Opposé à l’accord conclu par Theresa May qui maintenait le Royaume-Uni dans l’Union douanière de l’UE jusqu’à la conclusion d’une nouvelle relation entre les deux parties, Boris Johnson l’a rejeté un fois arrivé au pouvoir et a présenté un nouveau plan.

Les points de désaccord

Les discussions en cours se concentrent sur deux points de désaccord: la manière d’éviter le retour d’une frontière entre l’Irlande, membre de l’UE, et l’Irlande du Nord, partie du Royaume-Uni, tout en réalisant des contrôles douaniers, et le droit de regard accordé aux autorités d’Irlande du Nord sur l’accord de divorce.

L’annonce d’avancées est à la fois un soulagement et une source de préoccupation pour les partenaires européens du Royaume-Uni.

«J’espère qu’un accord sera trouvé, mais pour les Pays-Bas, il est extrêmement important qu’il n’y ait pas de concurrence déloyale depuis l’extérieur de l’UE en utilisant la frontière irlando- (nord-)irlandaise. Le Royaume-Uni a pris certaines mesures, mais pas assez pour garantir l’intégrité du marché commun», a averti le chef de la diplomatie néerlandaise Stef Blok. Il a dit espérer que des mesures supplémentaires soient prises «dans les prochaines heures».

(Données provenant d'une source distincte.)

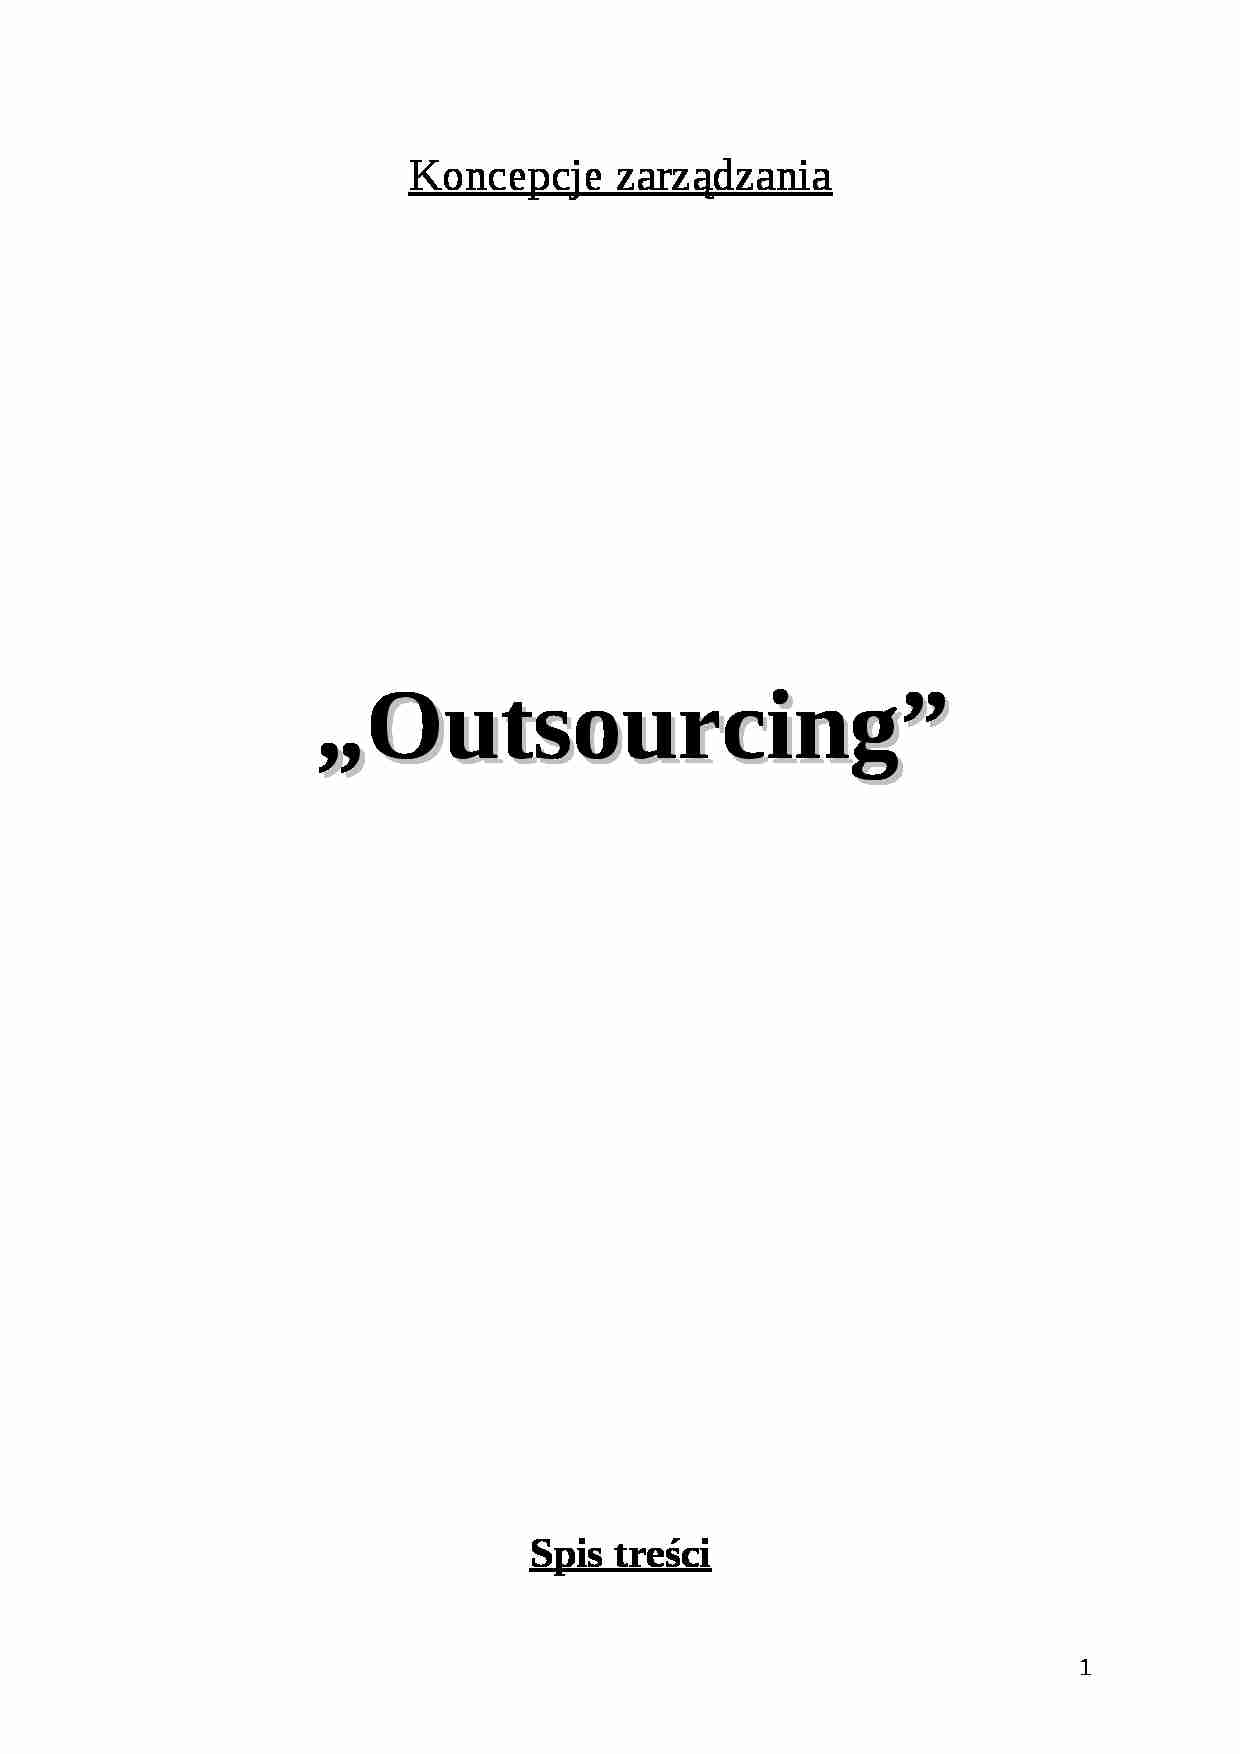 Outsourcing - koncepcje zarządzania - strona 1

Un Brexit à l’amiable reste possible, mais rien n’est encore bouclé
Michel Barnier et Amélie de Montchalin AFP
«Nous cherchons un accord mais nous ne cherchons pas un accord à n’importe quel prix», a pour sa déclaré la secrétaire d’État française chargée des Affaires européennes Amélie de Montchalin.

«Nous devons nous assurer […] qu’il n’y aura pas demain de concurrence déloyale demain parce qu’un pays ne mettrait pas en place des contrôles notamment réglementaires nécessaires», a expliqué Madame de Montchalin.

«L’intégrité du marché intérieur est un point sur lequel nous ne pouvons pas négocier», a-t-elle renchéri.

Un sommet supplémentaire?

Les chefs d’État et de gouvernement des 27 décideront jeudi au cours de leur sommet de la suite à donner aux négociations avec Londres.

Selon le Premier ministre finlandais Antti Rinne, dont le pays assume la présidence semestrielle de l’UE, les négociations pourraient se poursuivre après le sommet européen.

«A mon avis, il nous est pratiquement impossible de parvenir à un accord avant la réunion. Nous avons besoin de plus de temps et de négocier après la réunion», a-t-il plaidé, cité par l’agence de presse STT.

Ainsi circule l’hypothèse d’un sommet supplémentaire d’ici le 31 octobre, jour prévu du départ du Royaume-Uni.

«C’est possible si c’est absolument nécessaire», a commenté un responsable européen.